$\newcommand{\R}{\mathbf R}$ The question below is motivated by the fact that each non-identity member of $SO(3)$ fixes exactly one line pointwise in $\R^3$.
Let $f:\R\to SO(3)$ be a smooth map (which models a smoothly rotating pivoted rigid body in $\R^3$).
Question. Does there necessarily exist a smooth map $g:\R\to \mathbf RP^2$ such that $f(t)$ fixes $g(t)$ pointwise for each $t$.
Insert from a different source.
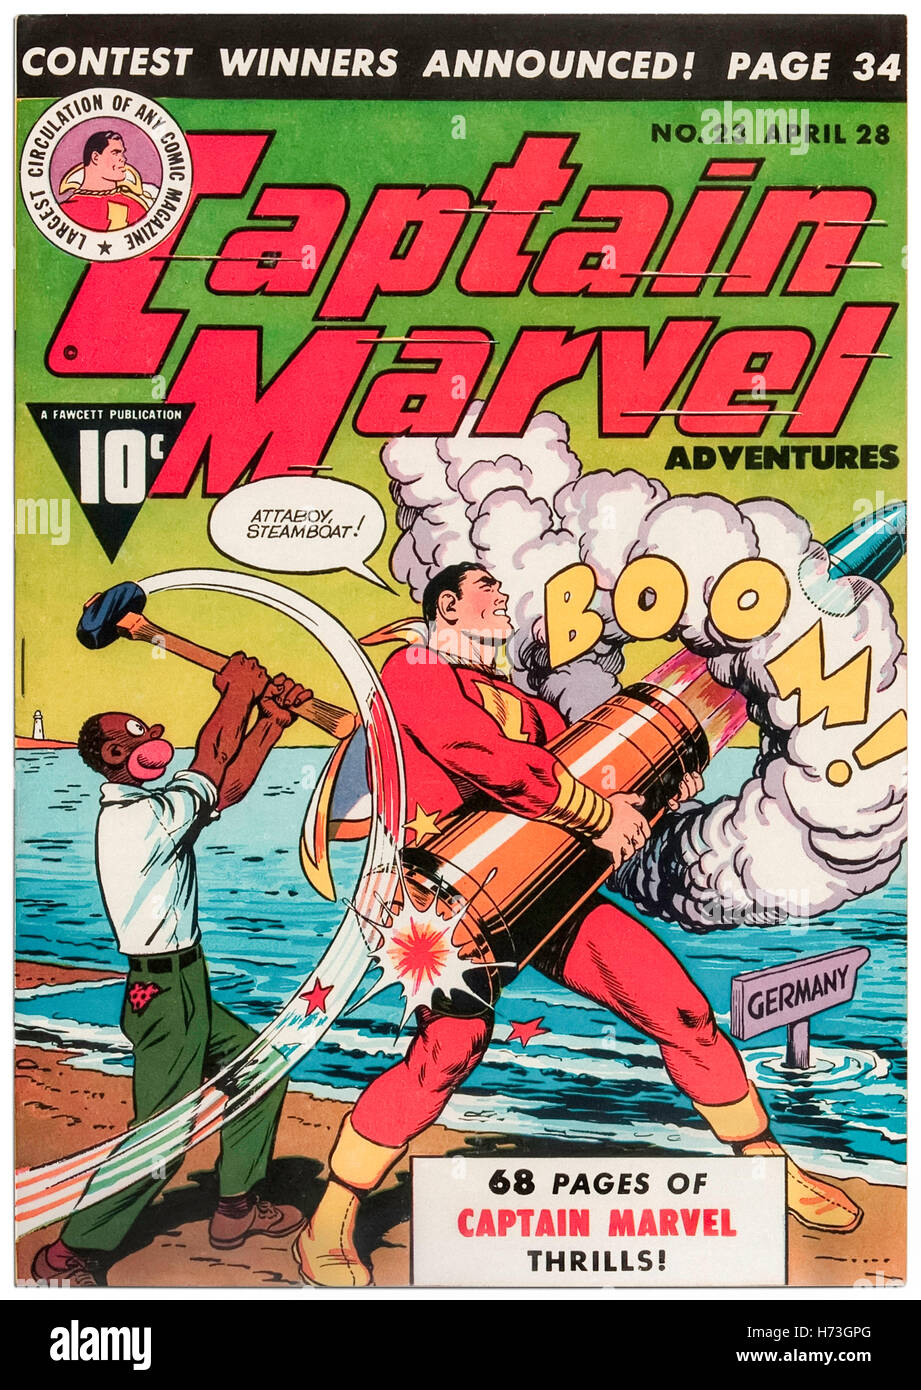 Captain Marvel Adventures questione 23 aprile 1943, dotato di una copertina da C. C. Beck (1910-1989) pubblicato da Fawcett Comics con 'Steamboat' uno stereotipo razziale di un afro-americano. Gli editori ha pubblicato degli orientamenti nel 1942 per eliminare offensivo o contenuto sovversivo; Steamboat era andato in pensione nel 1945. Foto Stock

The question above has negative answer if we do not require $f$ to be smooth but only continuous. For then we can take $f$ to be as follows: for $t\in [0, 1]$ we define $f(t)$ as rotation about the $z$-axis by $2\pi t$, and for $t\in [1, 2]$ we deifne $f(t)$ as rotation about the $x$-axis by $2\pi (t-1)$. For all other $t$ we define $f(t)=I$. Now if there exists a continuous $g:\R\to \R P^2$ such that $f(t)$ fixes $g(t)$, then for $t\in (0, 1)$ we must have $g(t)$ is the $z$-axis, and for $t\in (1, 2)$, $g(t)$ equals the $x$-axis. Thus $g(1)$ cannot take any value without destroying continuity.
Of course, this counterexample does not work for smooth case.